> _What the exercise asks_
The entries that follow should be repeated exactly, with no pictures kept.

(Exercise data begins)

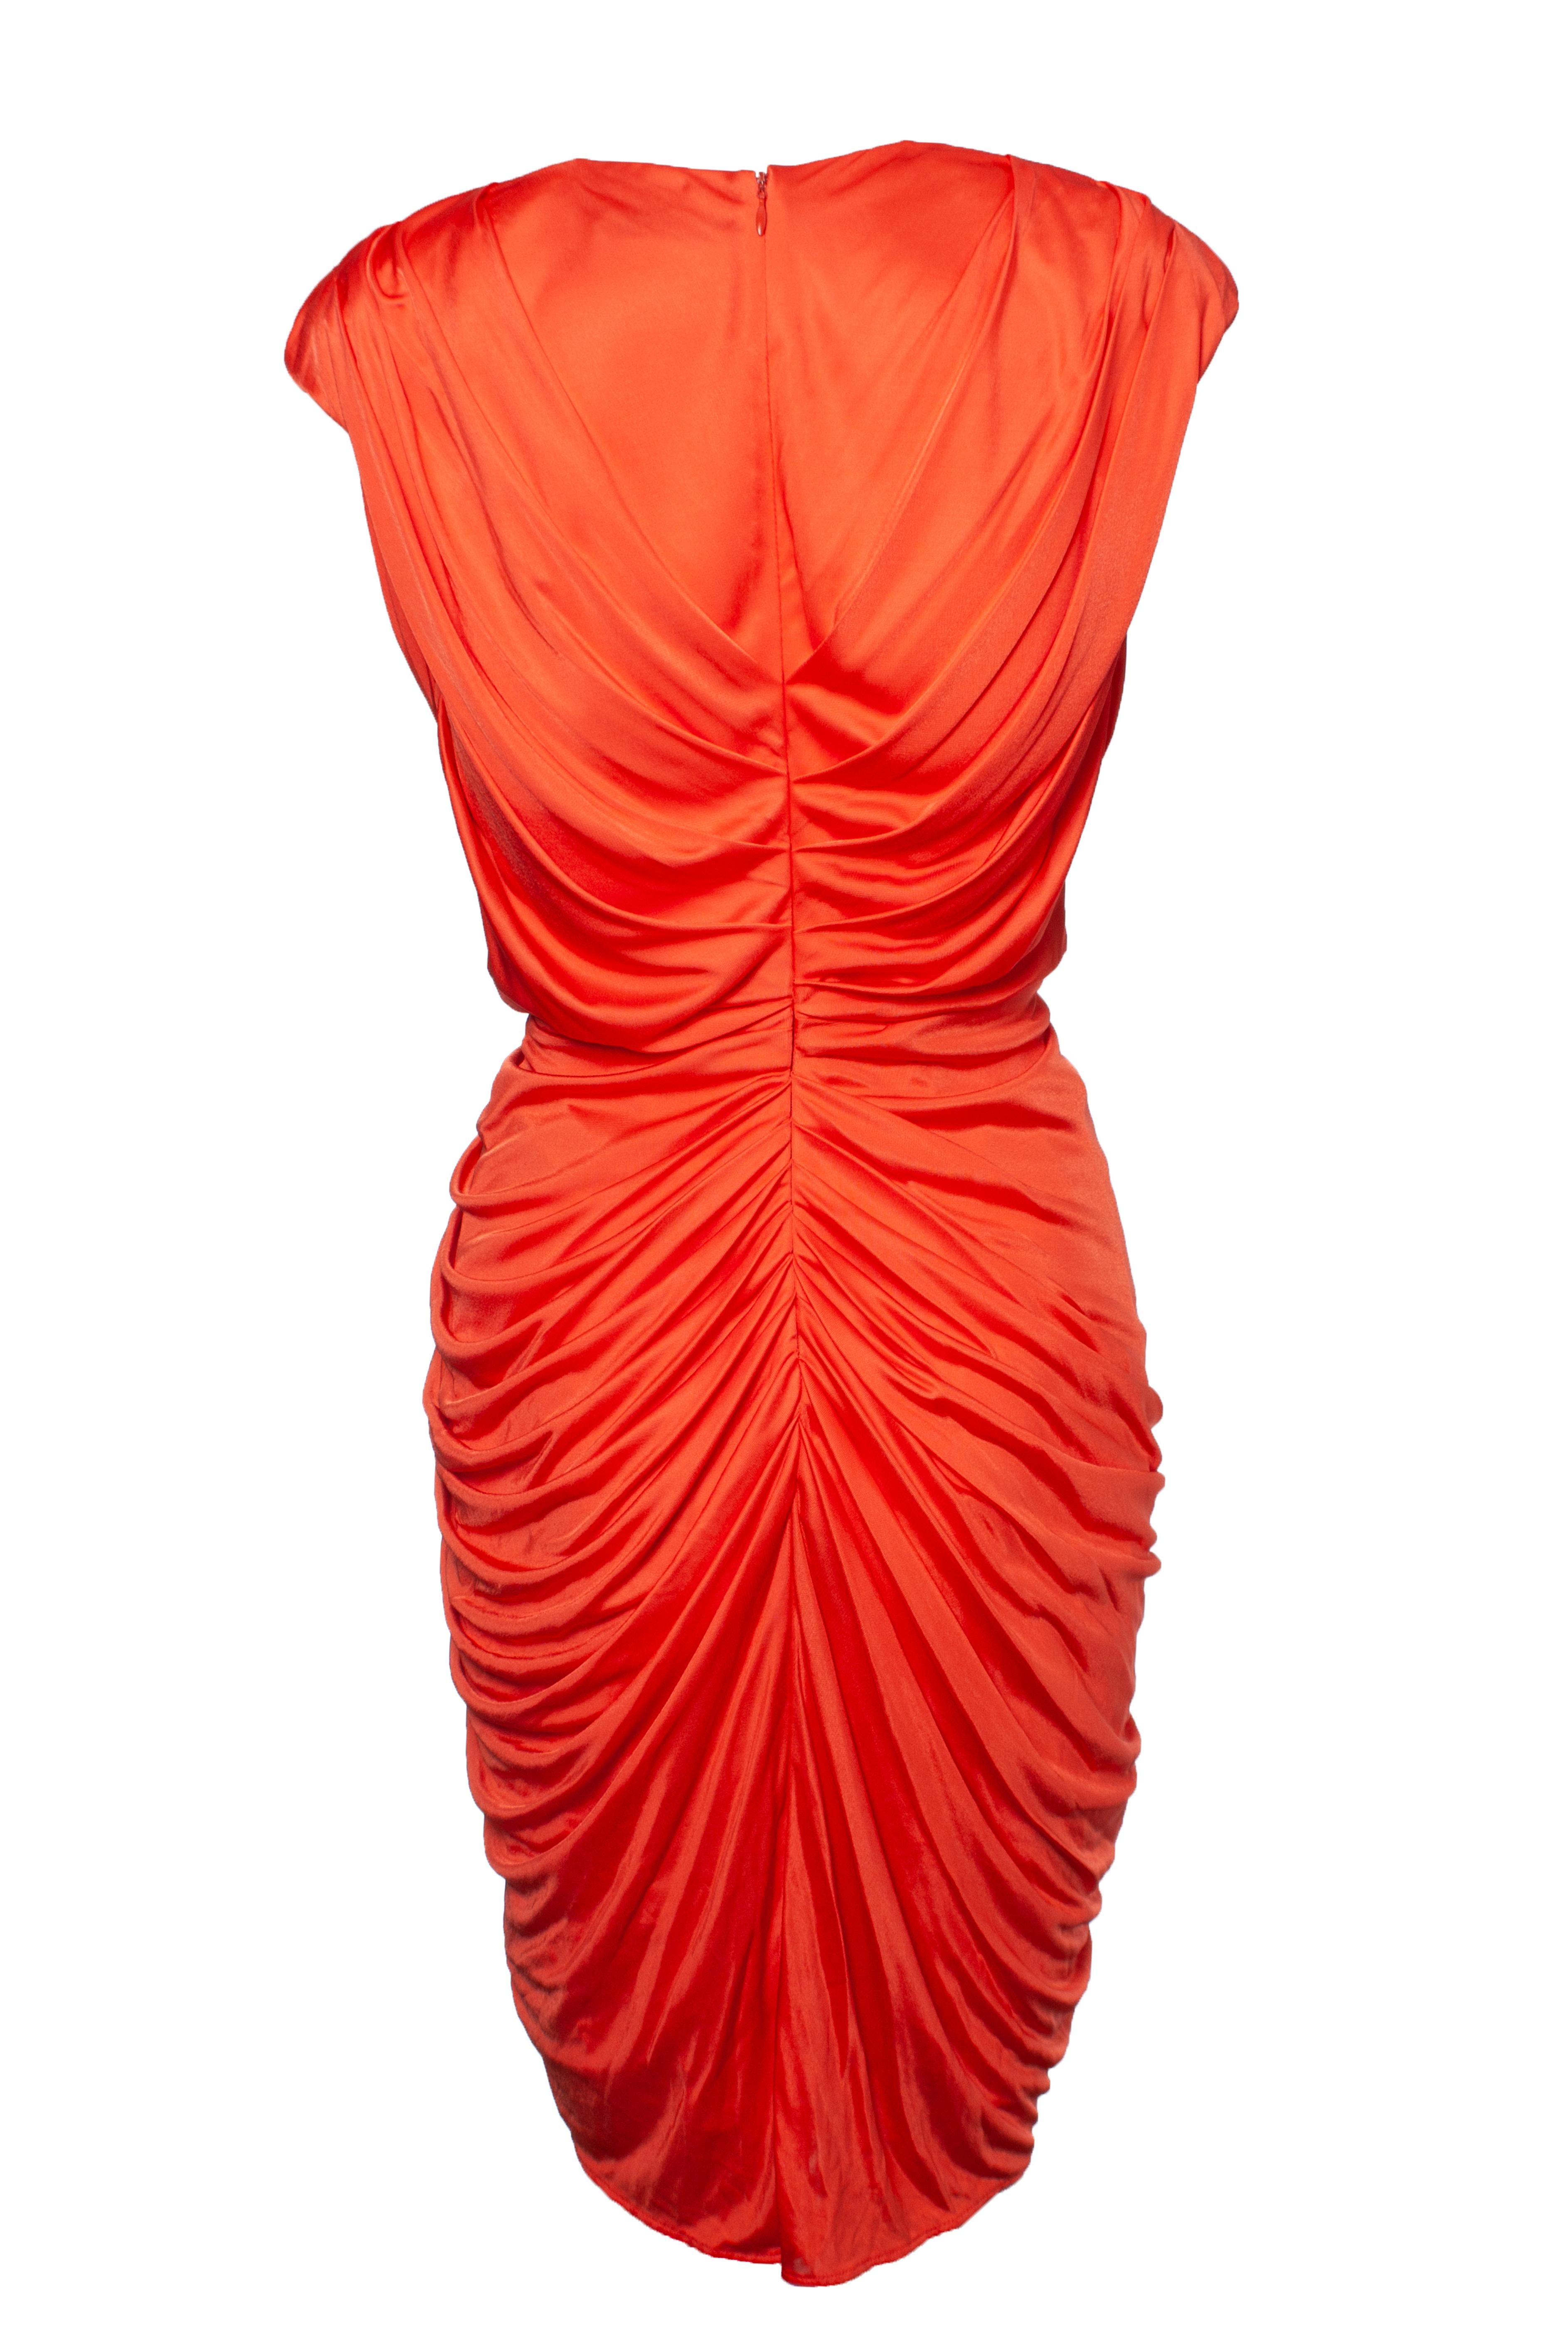 Blumarine, Robe drapée orange avec embellissements en cristal. L'article est en très bon état. La robe est munie d'épaulettes.

• CONDITION : très bon état. 

• TAILLE : IT44 - M-ONE 

• MESURES : longueur 97 cm, largeur 41 cm, taille 34 cm

•
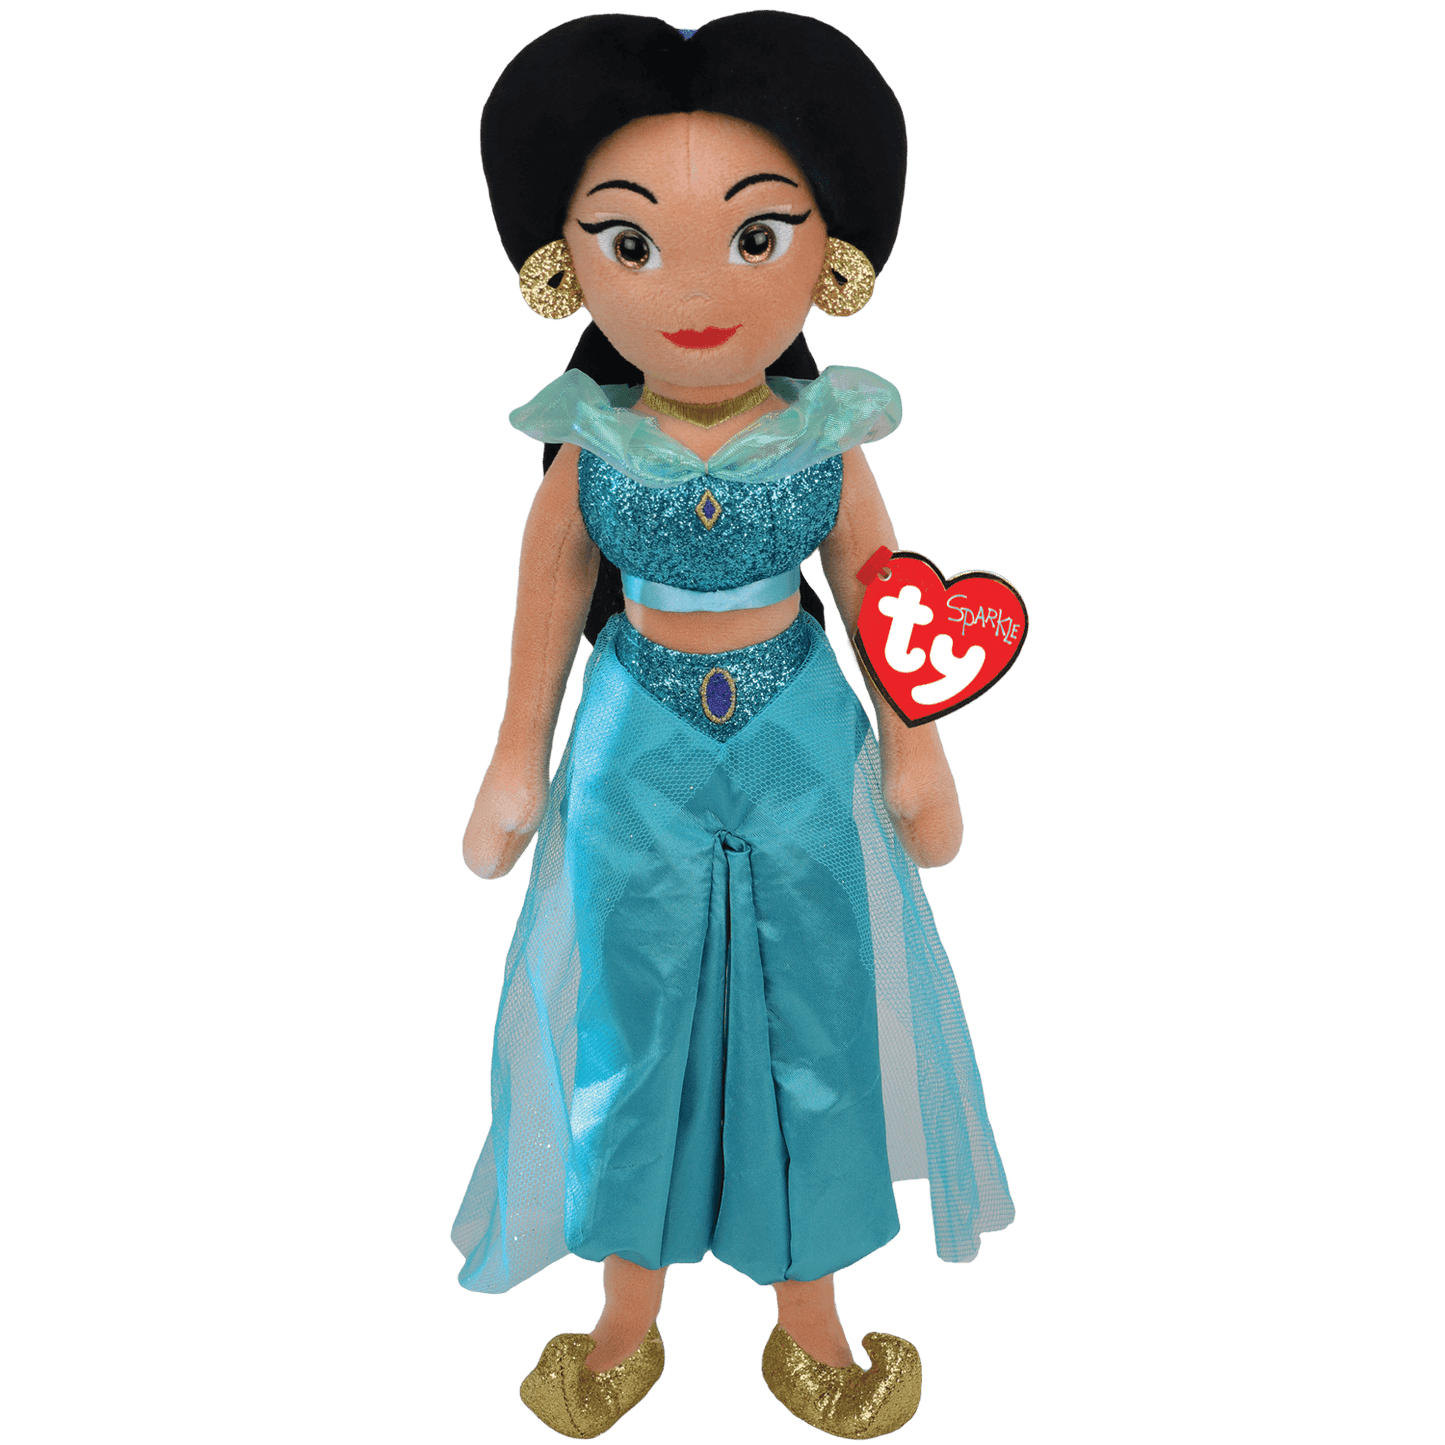 Ty Disney Princess Jasmine Aladdin Plush

(Exercise data ends)

> _Written solution_
 Blumarine, Robe drapée orange avec embellissements en cristal. L'article est en très bon état. La robe est munie d'épaulettes.

• CONDITION : très bon état. 

• TAILLE : IT44 - M-ONE 

• MESURES : longueur 97 cm, largeur 41 cm, taille 34 cm

•
 Ty Disney Princess Jasmine Aladdin Plush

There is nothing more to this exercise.